Gustafson: Treading the boards – a bridge to the future

Britta Gustafson
Then Again

There is something about the uncluttered, harmonious and innocent sound of children’s singing that has always moved me, often to tears. Last night, while watching my daughter on stage in her first full production school play, the emotional waves swept me back to my own formative years when the school play was a focal point of our elementary school existence. As a child, I can recall sinking deep into the excitement and anticipation that only live stage performances can induce.

The characters we became cross-pollinated with our own identities, and in some ways we lived by many of the morals and values we picked up through such a heightened experience at such a young age.

Once the costumes and makeup were in place, shifting our persona, our hearts were set aflutter backstage. Listening to the buzz of the audience filling their seats and the musical overture heightened the anticipation. Jostled and shoved into our places, surrounded by the ebullient behind-the-scenes hustle and bustle, the curtain would finally lift. The lights, warm and blinding, would flood the stage and transport us into another dimension; if for only an hour, flowing through a child’s heart for life.

What we, as parents, might now feel compelled to endure with obligatory parental patience, or see as just a cute video opportunity, can have a deep reservoir of impact on the little minds on stage. They have dedicated themselves to these small moments for weeks, dreaming about their lines, internalizing the songs, fearing and fantasizing about their moments in the spotlight.
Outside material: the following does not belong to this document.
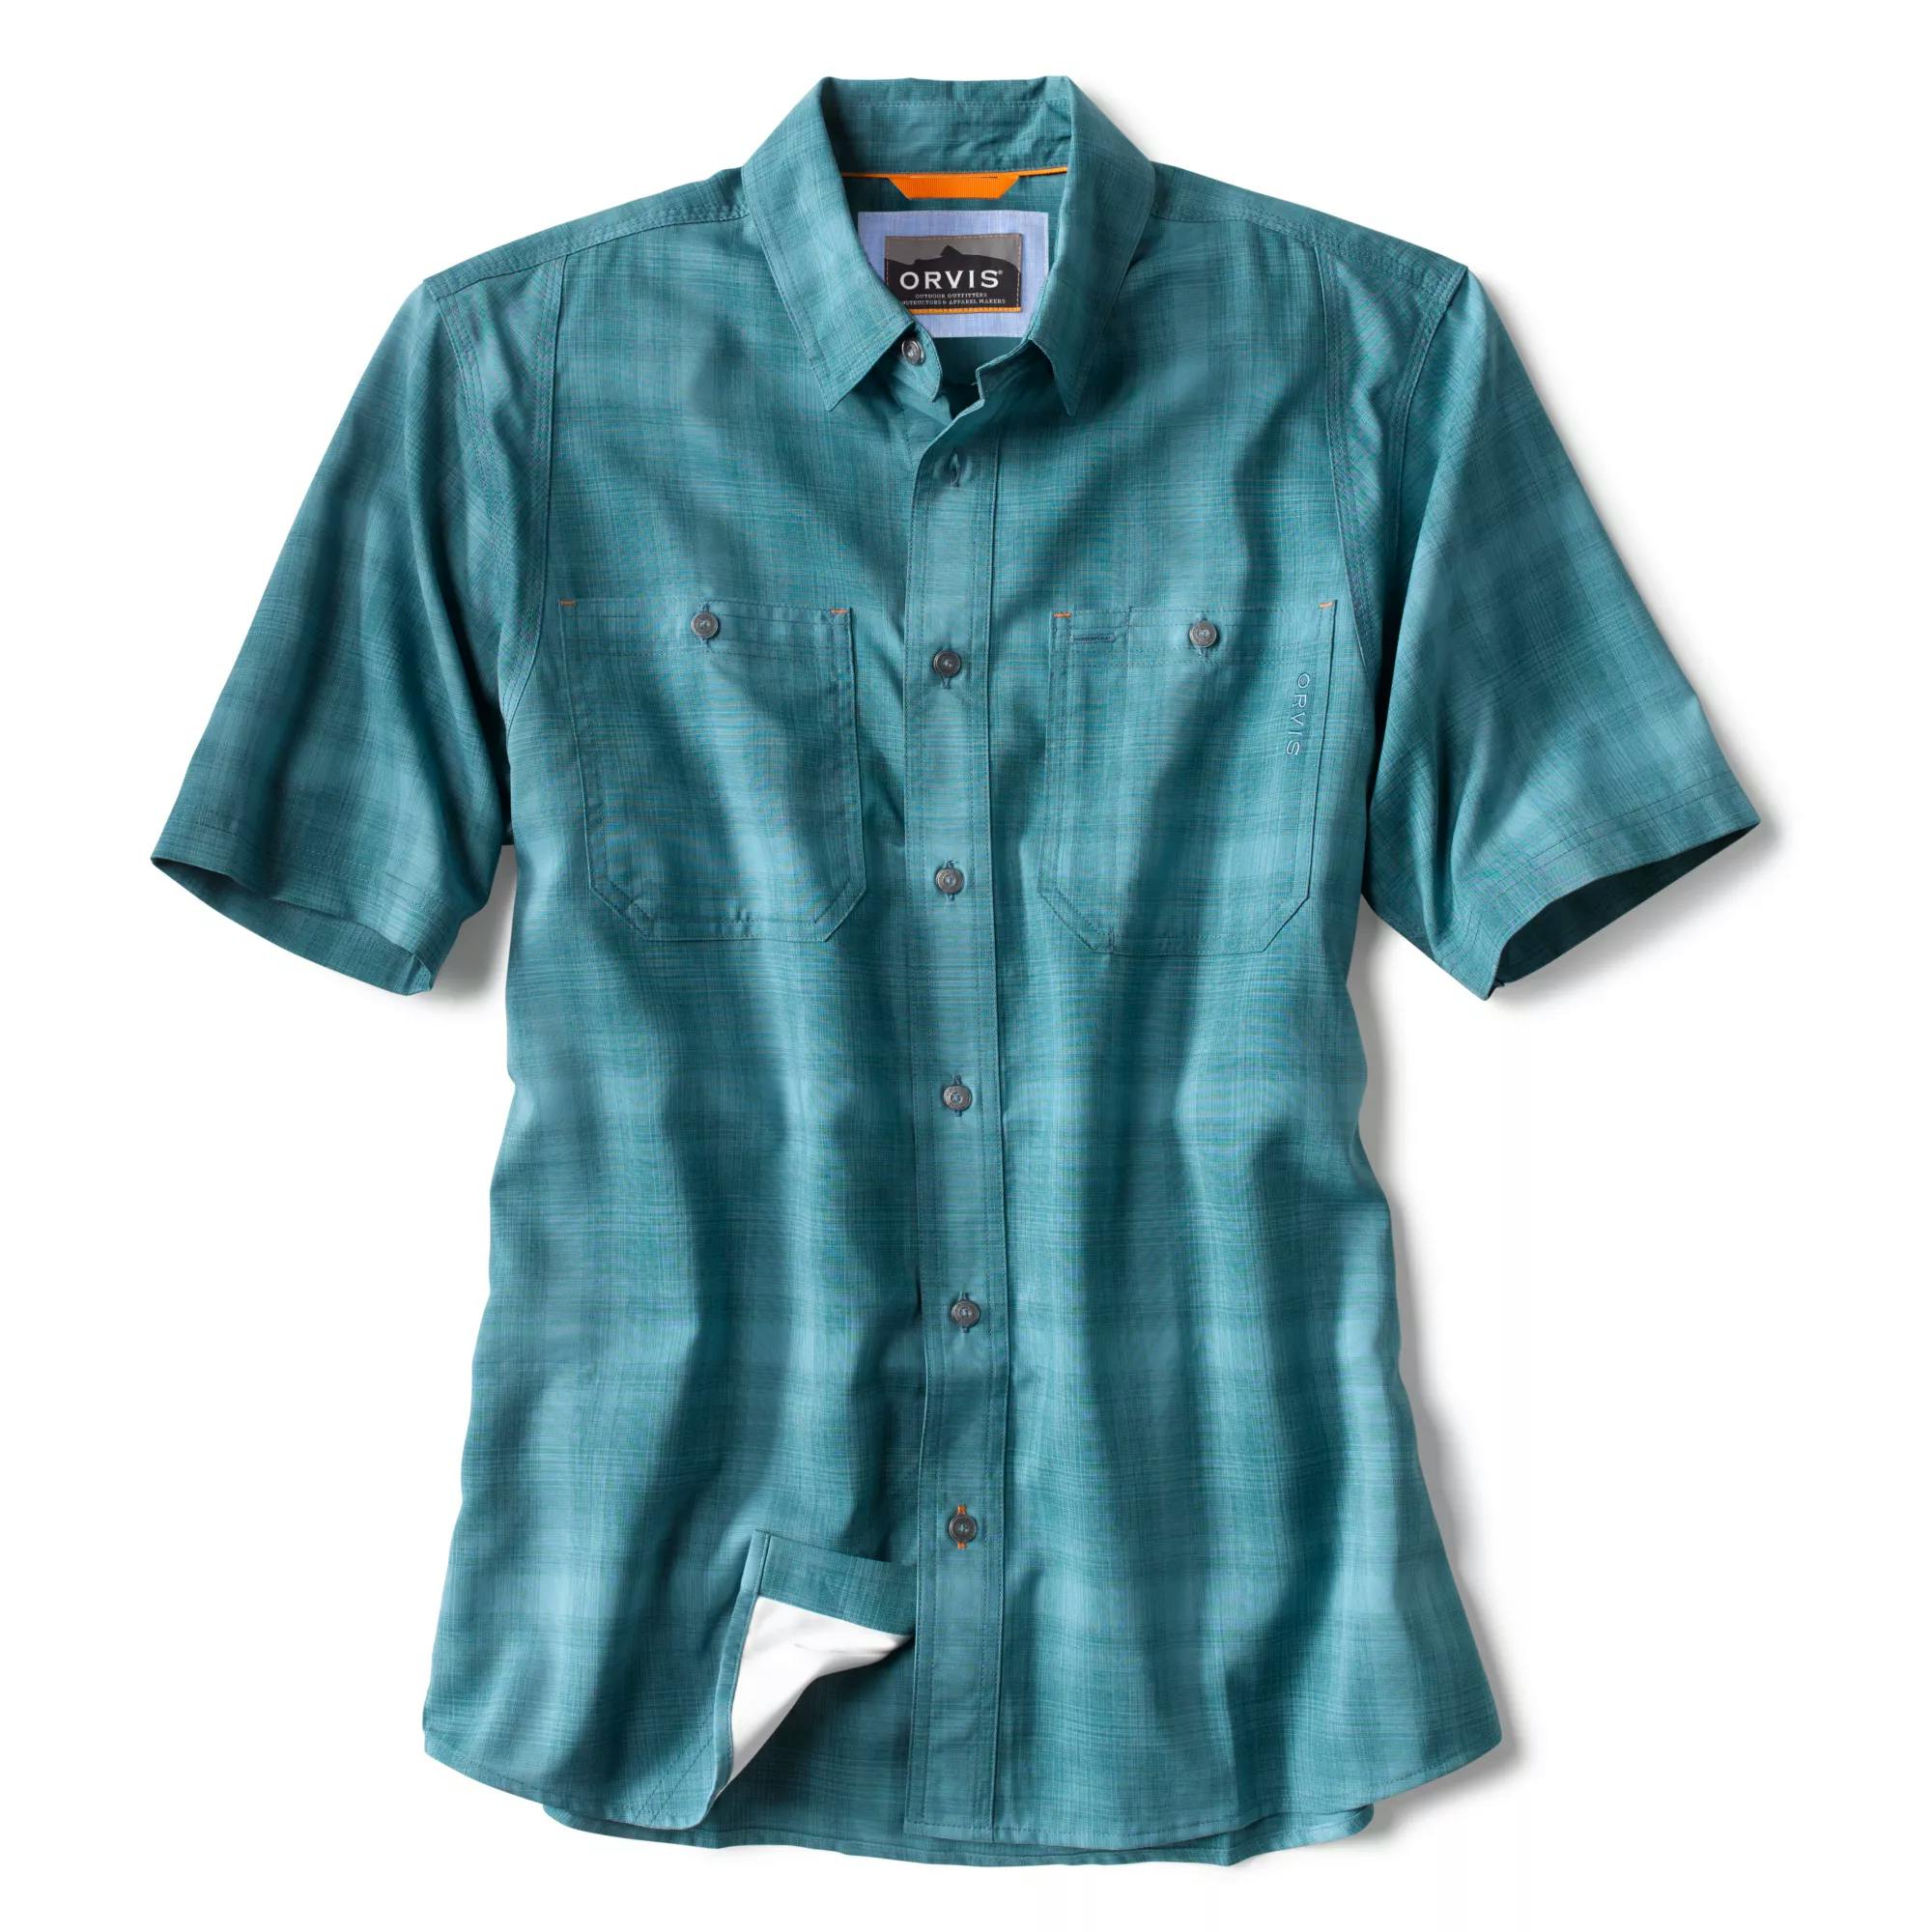 Orvis Men's Tech Chambray Short-Sleeved Work Shirt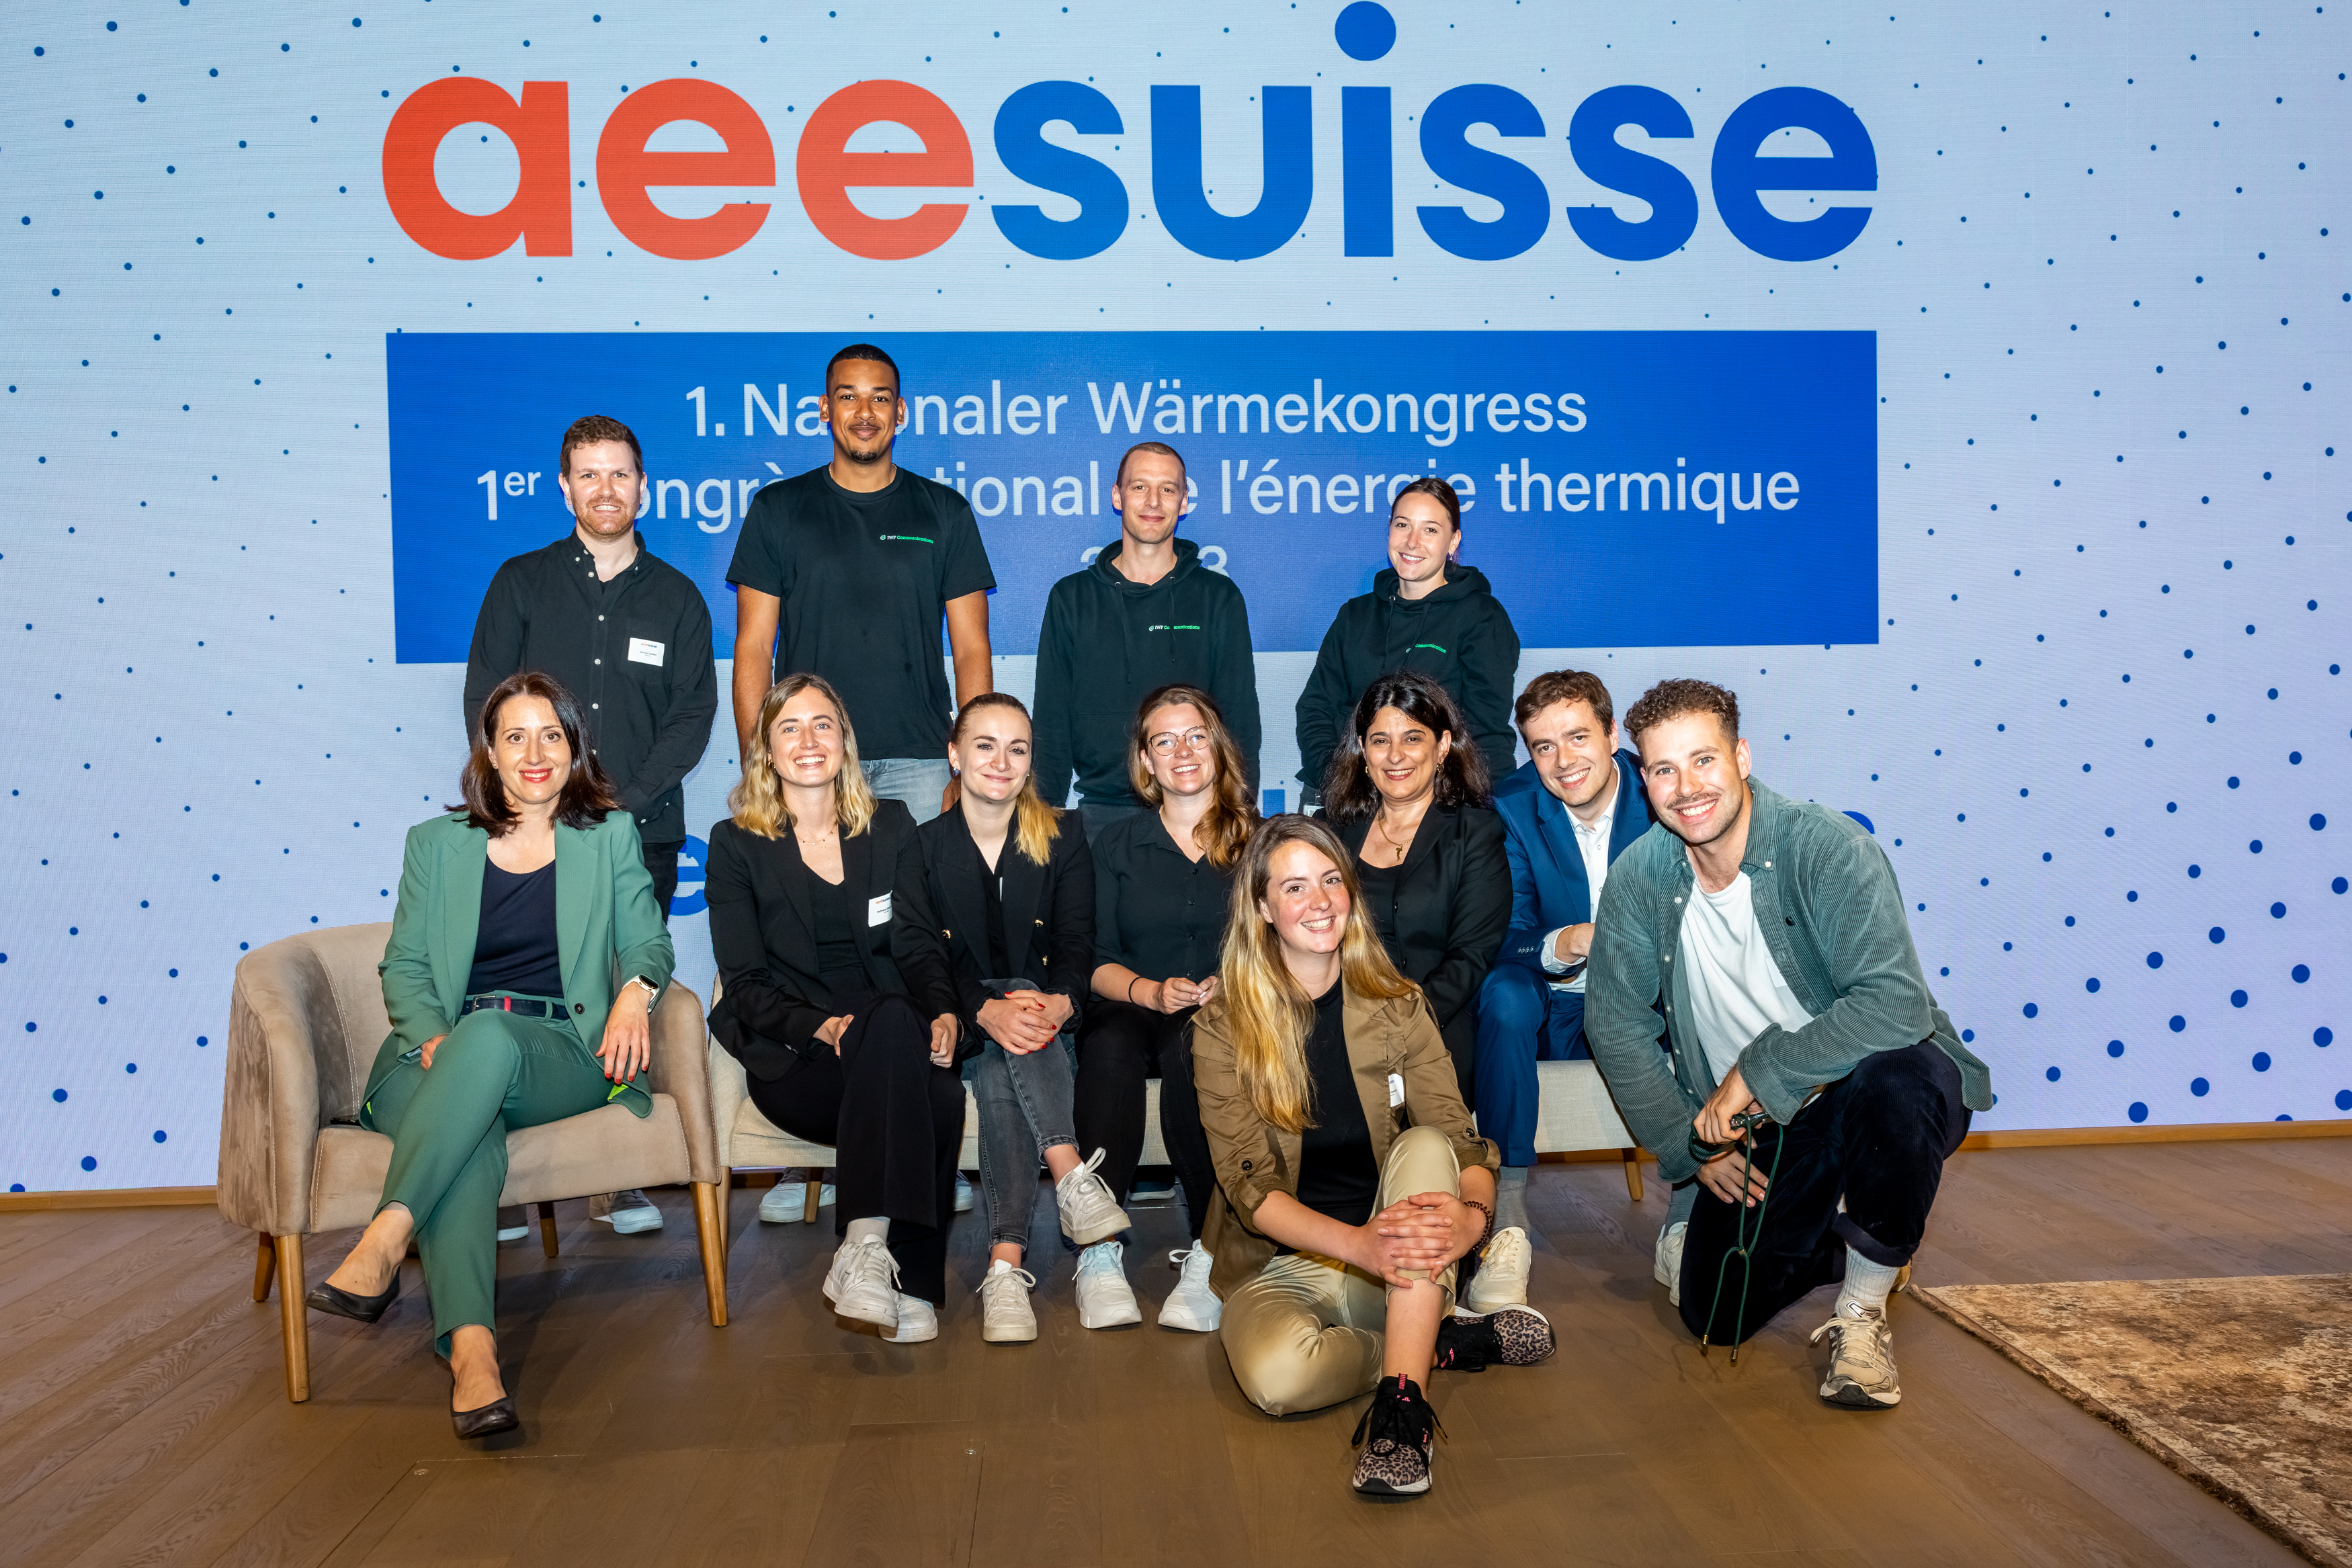 1. Nationaler Wärmekongress AEE Suisse

Thank the stars for the inspirational Cathy Crum, who wrote and directed the thought-provoking school plays when I attended Aspen Elementary School, and for many years to follow. We acted and sang our little hearts out for Cathy, who teamed up with Linda McCarthy for our productions. And our teachers found ways to weave the play’s characters and themes of compassion and unity, history, diversity, and some future forecasting throughout our lesson plans.

As fourth-graders, we performed in “A Colorado History Book,” which now, after more than 30 years in production, has had a stage life far surpassing the average Broadway run. Tammy Baar, who worked alongside Cathy for many years, now directs the school plays and is clearly visited by the same muse. This year, Tammy, along with the help of Sarah Stevens, brought to the stage an enthusiastic and colorful production. The sometimes spontaneous moments that occurred during the live stage performance were both heartwarming both on script and off. We watched the young students care for and support one another throughout their fumbles and falls; as they had clearly internalized the theatrical philosophy “the show must go on,” which they managed to accomplish with both grace and character intact.

Figuratively, and on occasion literally, Cathy’s presence can still be seen and felt through her lyrics that have inspired casts of young minds and those of attentive audiences for generations.

There are some moments in life that are so powerful that they can carve out a fixed memory. I can still see the shoulders of the costume-clad girl in front of me as I stood feverishly fidgeting backstage. We stood in the old red brick gym locker room hallway, hearts thumping, preparing to take the stage for our theatrical debuts. I also can feel the elation after the curtains closed to the sound of applause and the sense of withdrawal that came the following Monday back at school. Back to the regular routines after what had seemed like months of play prep, and for myself as a shy but passionate wannabe method actor, weeks without breaking character in my mind. And now, falling asleep last night, my daughter expressed similar sentiments, explaining how school “won’t feel the same since the play is done.”

The word “theatre” comes from the Greeks. It means “the seeing place: A place people come to see the truth about life and the social situation.” And every age has its story to tell.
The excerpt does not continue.